HARRIS: Has any dirty bomb ever been detonated anywhere or is it just a theory at this particular point? ALBRIGHT: I don't think there's ever been an actual detonation of a dirty bomb, but there's been several radiological accidents that really provide the baseline on trying to understand what could happen in such an attack. I mean, a case in Brazil where a radioactive source was stolen and then the material got out, and in the end four people died, mostly children. And they spread the material by foot and hand.
HARRIS: You know I saw those documents just -- as a matter of fact, was just handling them about maybe an hour ago. The documents that we were talking about that were found in Afghanistan. And I want to ask you if after your examination of documents do you think that this was something that required, I don't know, abnormal amounts of intelligence -- or not just money, but actual intelligence to figure out how to do this sort of thing? Was this just some sort of plan that was just cooked up in a back room somewhere?
ALBRIGHT: It appears from theses documents that whatever al Qaeda was doing it would think it through. I mean, sometimes they were fairly ignorant or they made mistakes, but it appears that the group that was being trained in explosives -- kind of what we considered an advanced group. They had gone through the basic training and were, in a sense, in graduate school. That it was those people who would be looking at how to make a dirty bomb.
And one of the documents, while it doesn't explicitly talk about it, there is a design of what we viewed as a dirty bomb and not as a nuclear weapon.
HARRIS: OK. Explain the difference then if you can for us, in layman's terms.
ALBRIGHT: Well a dirty bomb is really just using explosives or some other means to disperse radioactive material. A nuclear weapons is you're actually trying to take special nuclear material called plutonium or highly enriched uranium and create a massive explosion using a nuclear reaction. And it's a -- a dirty bomb really is meant to disperse the radioactive material across an area to deny people the ability to get into that area.
A nuclear weapon is meant to destroy buildings and whole blocks and cause massive amounts of glass (ph) burn and radiation casualties.
HARRIS: Now physically, how large would this device be? Let's go by the documents that you actually examined. How big physically would that device be? Would this be something that would be hidden in a vehicle or something that would be delivered by some sort of a rocket or perhaps carried by a suicide bomber?
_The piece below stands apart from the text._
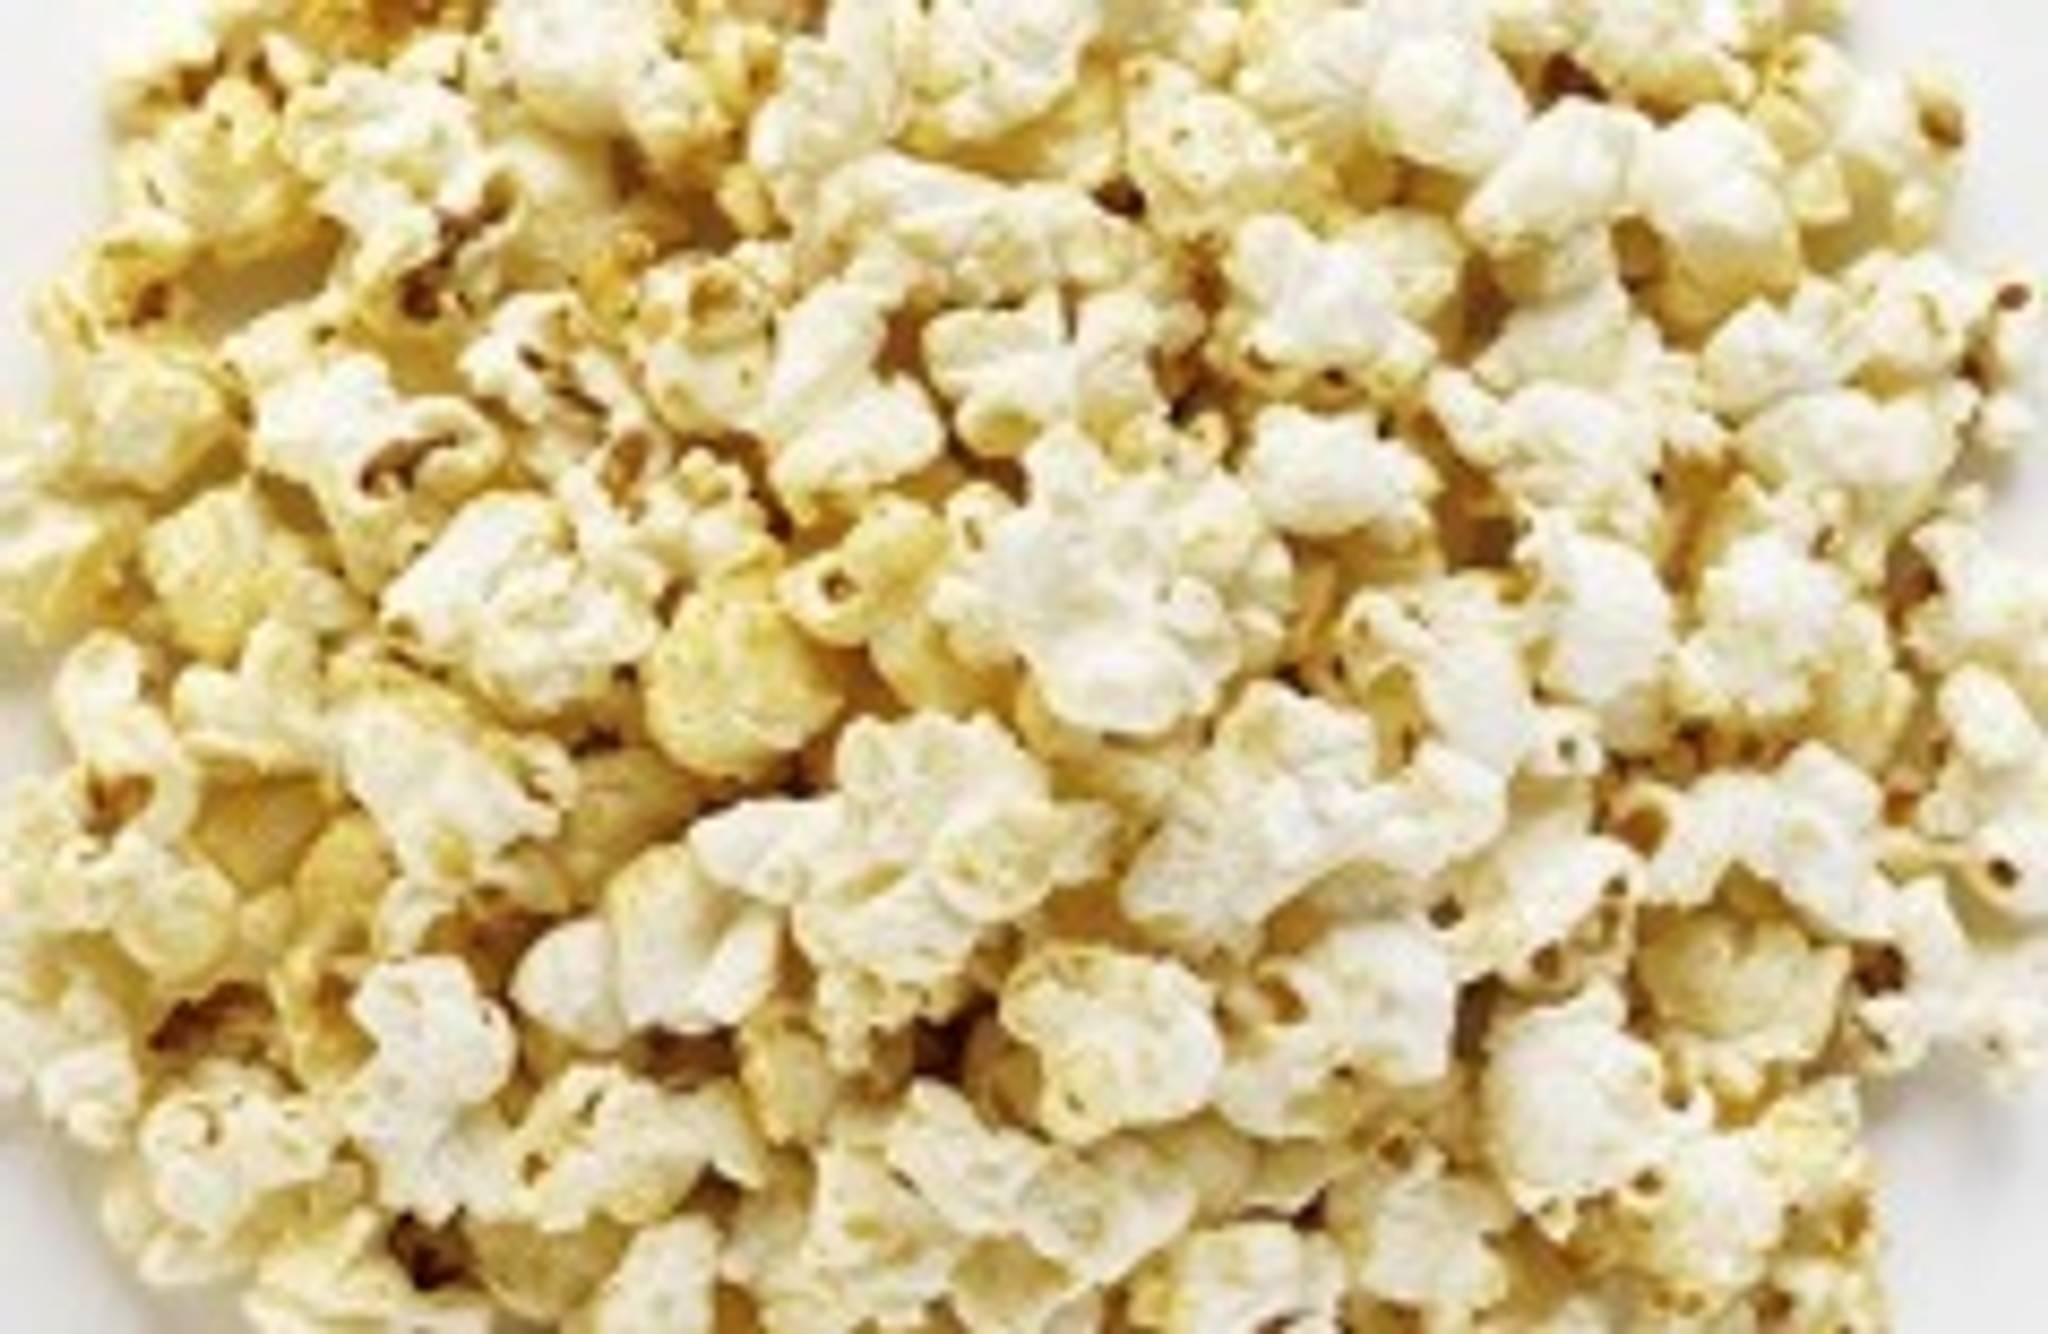 Popcorn causes advert immunity

ALBRIGHT: The size depends on the type of radioactive material that's being used. If it's something like plutonium, it doesn't have to be very large. I mean, you don't need very much shielding. Most of the weight would be the explosives, so it could be 50 kilograms or even less.
If it's highly radioactive material, like CZM137, that emits very intense gamma rays, you're going to have to put lead around it. So it may be 100 kilograms with shielding, which you probably remove before you detonate it. But the bottom line is these things are not very big. They're much, much smaller than a nuclear explosive.
HARRIS: And that makes this news today even more unsettling. David Albright, thank you very much. We sure do appreciate your time and your insight this afternoon. And thank you for going over this document for us.